PREFAZIONE

  Raffaele Porfidia

Presidente dell’Associazione per la Ricerca e la Comunicazione ARCO

 

Le Nazioni Unite hanno promosso e approvato una serie di trattati internazionali per sancire la non appropriabilità della luna, di altri satelliti, dello spazio esterno alla Terra. Altri trattati riconoscono che i fondali marini e l’Antartide non sono assoggettabili alla sovranità di un singolo Stato, ma costituiscono uno spazio a cui tutti possono accedere.
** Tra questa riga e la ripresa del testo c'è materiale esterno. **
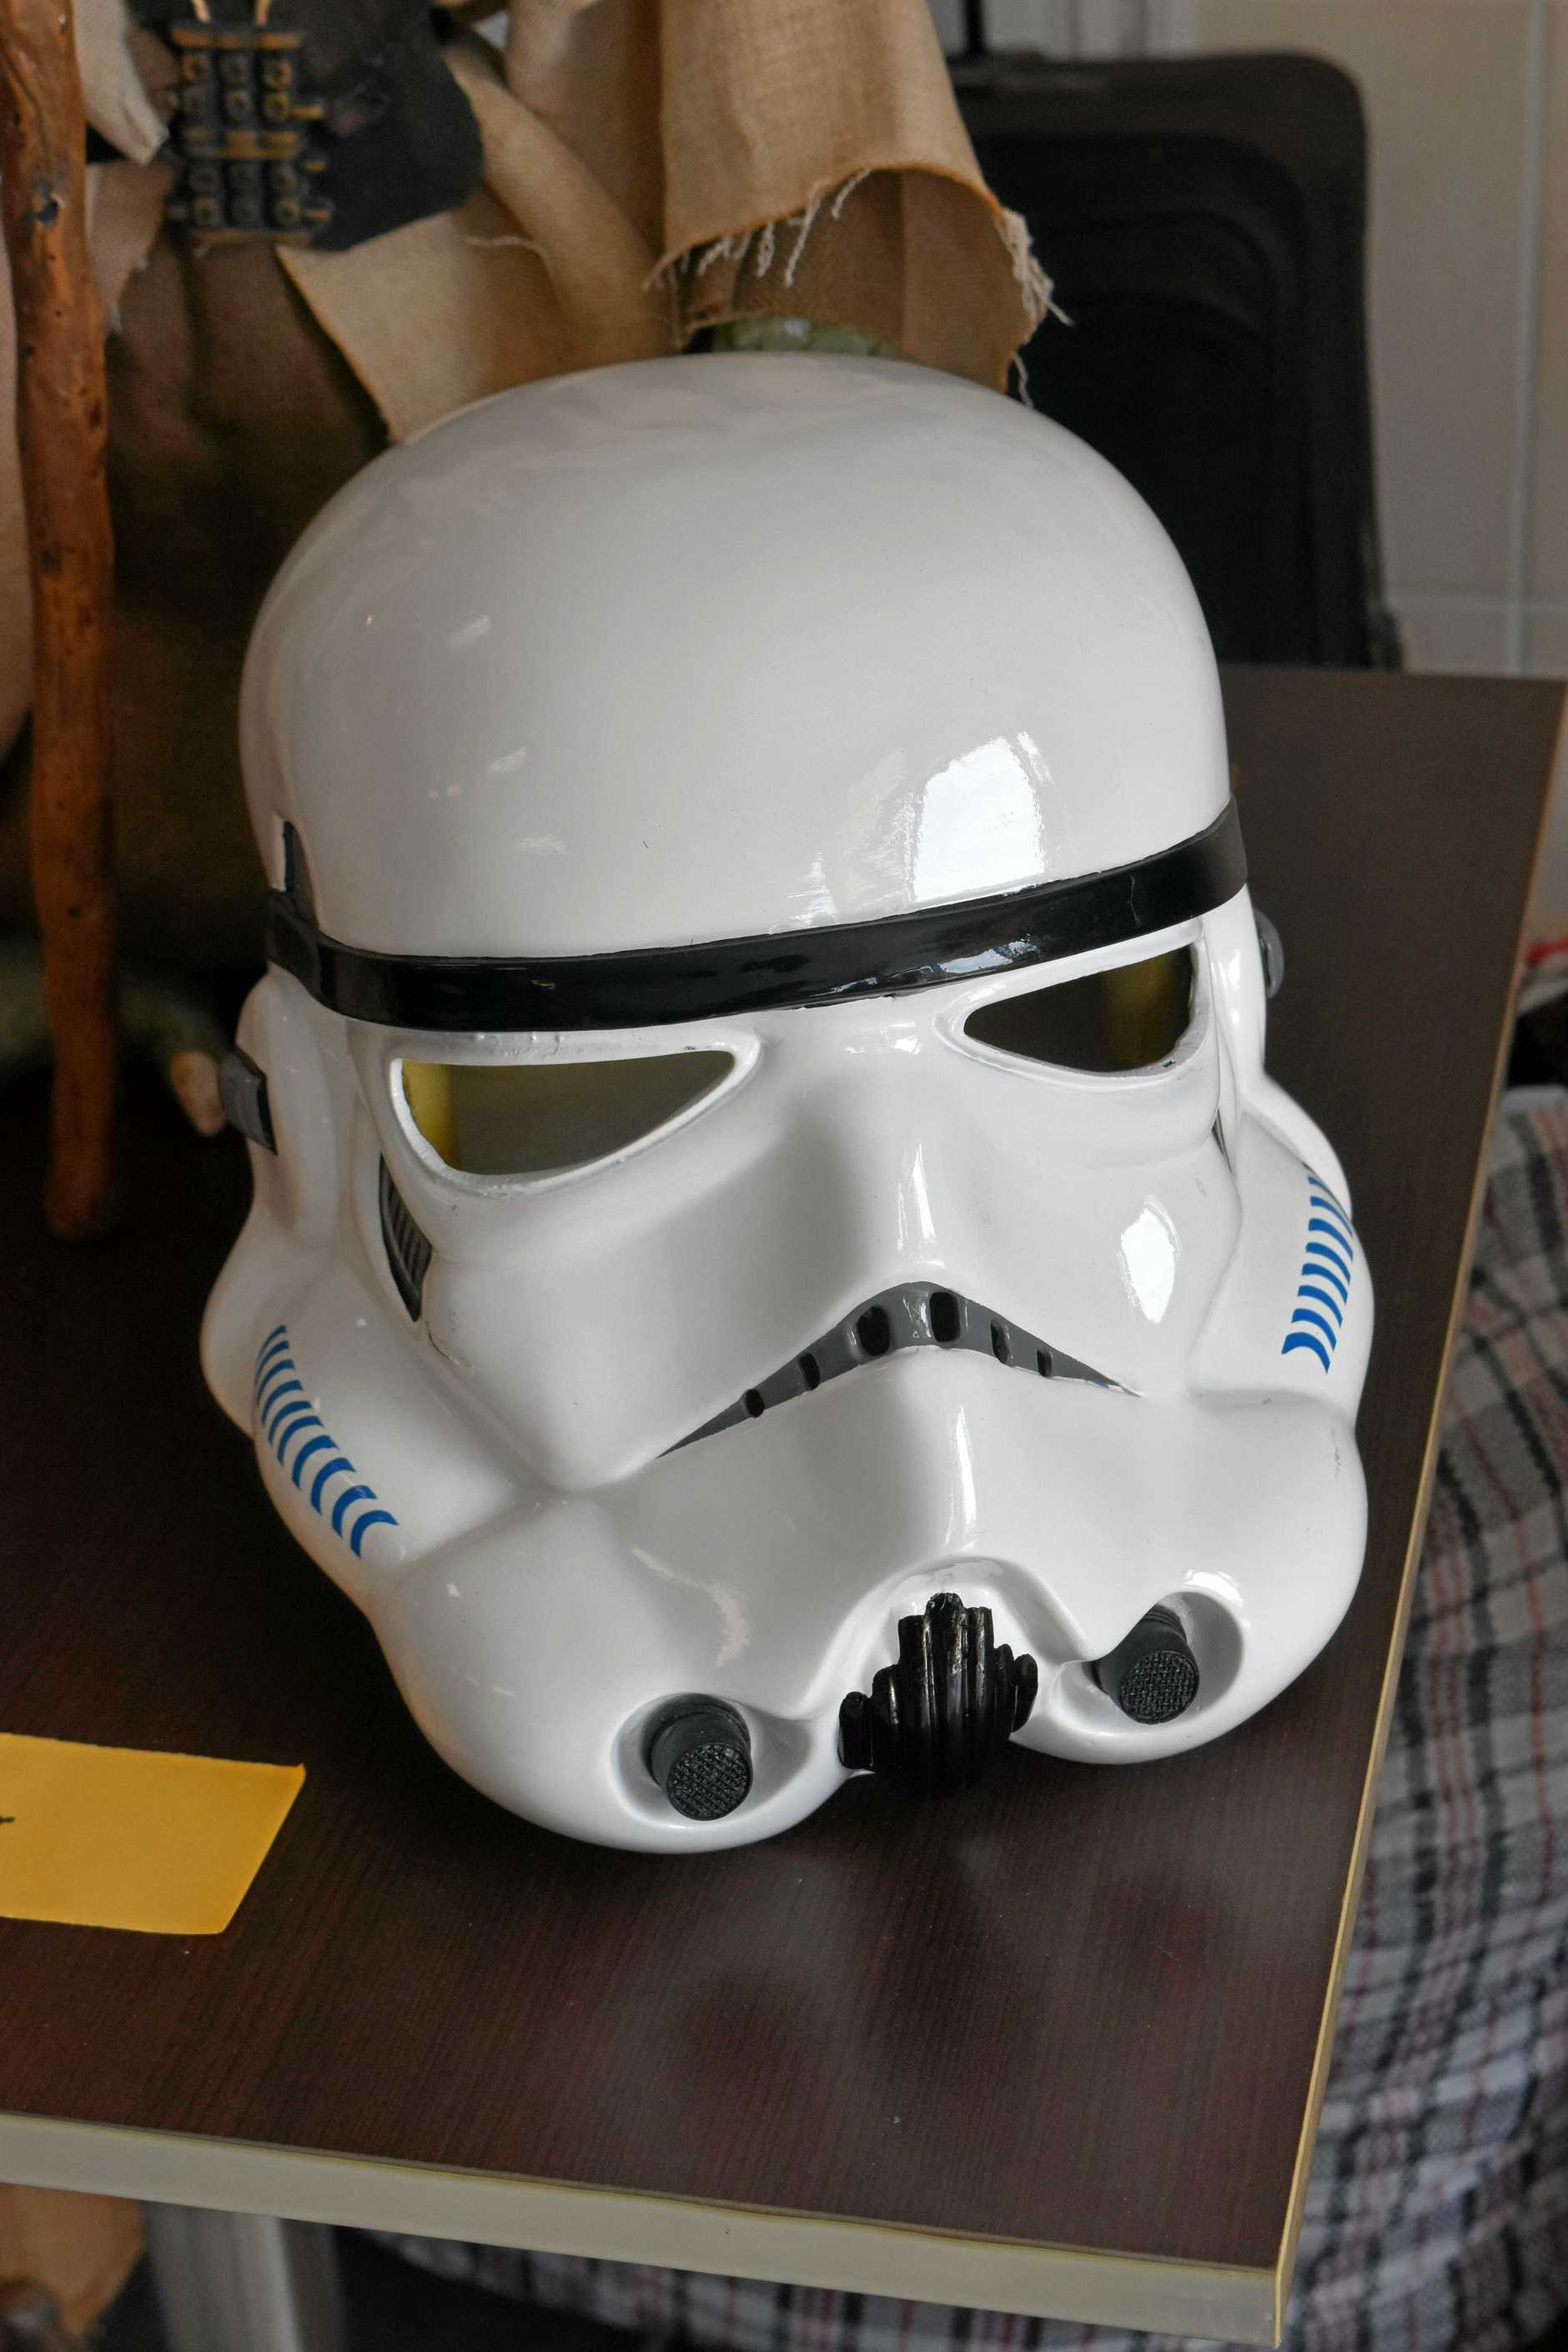 A full-size storm trooper helmet.

Altri negoziati internazionali incominciano a porre al centro dell’attenzione il problema dell’uso corretto dei beni comuni, come l’atmosfera, nella quale non si può scaricare ad esempio ossido di carbonio a piacimento.

Ed ecco il ragionamento di Giovanni Franzoni, nel libro “Anche il cielo è di Dio”, il quale ricorda, come fosse il filosofo inglese John Locke, nel secondo dei suoi Trattati sul governo (1960), citando il Salmo 115, v. 16 della Bibbia (“Dio ha dato la terra all’umanità in comune”), che giunse ad affermare che quando si trae qualcosa dalla natura con il proprio lavoro si può acquisire la proprietà della cosa, ad alcune condizioni:

che ne resti abbastanza e di uguale qualità per gli altri

che non sia comunque possibile eccedere fino allo spreco.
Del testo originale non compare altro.